Water flows without regard for national borders. The Mekong meanders through the territories of six countries.

The more populations grow and urbanization progresses, the harder the strain and use pressure on the world's water systems.

Whether a country is located at the headwaters or downstream of a river can easily become an issue of crucial importance.

Varis said to describe the complexity of disputes, "China and Laos are building lots of dams and hydropower in the upper reaches of the Mekong, which makes the countries lying downstream unhappy.

“And disputes are not limited to just the national level. Farmers in all countries can take one side and resist dams, while urban dwellers and industries that need affordable electricity will consider the building of dams quite desirable,"


Solar-powered desalination


The taps being turned off in Cape Town gives rise to the question: Where can we find more water now?

Espoo-based Solar Water Solutions is ready to provide one possible solution. The company has cooperated with Aalto University's Department of Energy Technology to develop water purification technology.

Drought-stricken South Africa is one target for the firm while it seeks out initial business opportunities.

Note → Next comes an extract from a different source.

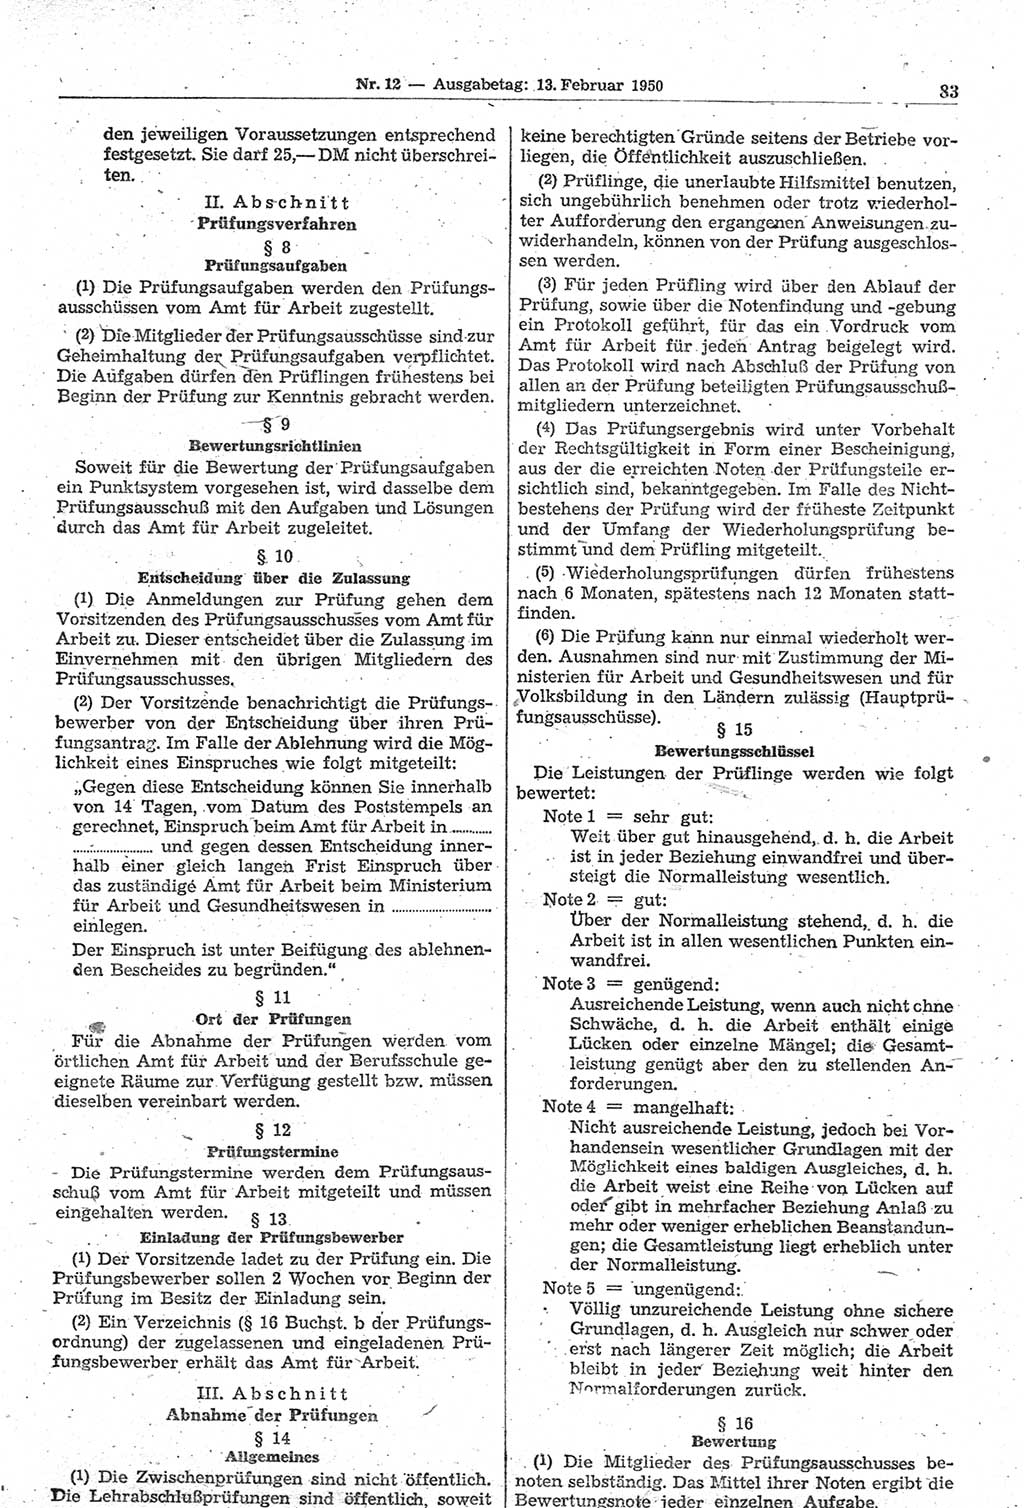 Gesetzblatt (GBl.) der Deutschen Demokratischen Republik (DDR) 1950, Seite 83 (GBl. DDR 1950, S. 83)

CEO Antti Pohjola said that the devices manufactured by the company are the world's first to make seawater potable using only solar power.

There's lots of interest in solar power elsewhere, too, but it is difficult to create the steady pressure required for the treatment process with it, which is why the large desalination plants in the Middle East, for example, still burn fossil fuels.

At its Espoo facility, Solar Water Solutions manufactures smaller treatment devices suitable for producing 1–250 cubic meters of water per day.

The company makes larger, container-type devices that can supply drinking water for a village, school or hotel, for example, while its smaller consumer products can, among other things, be used to make potable water in the archipelago.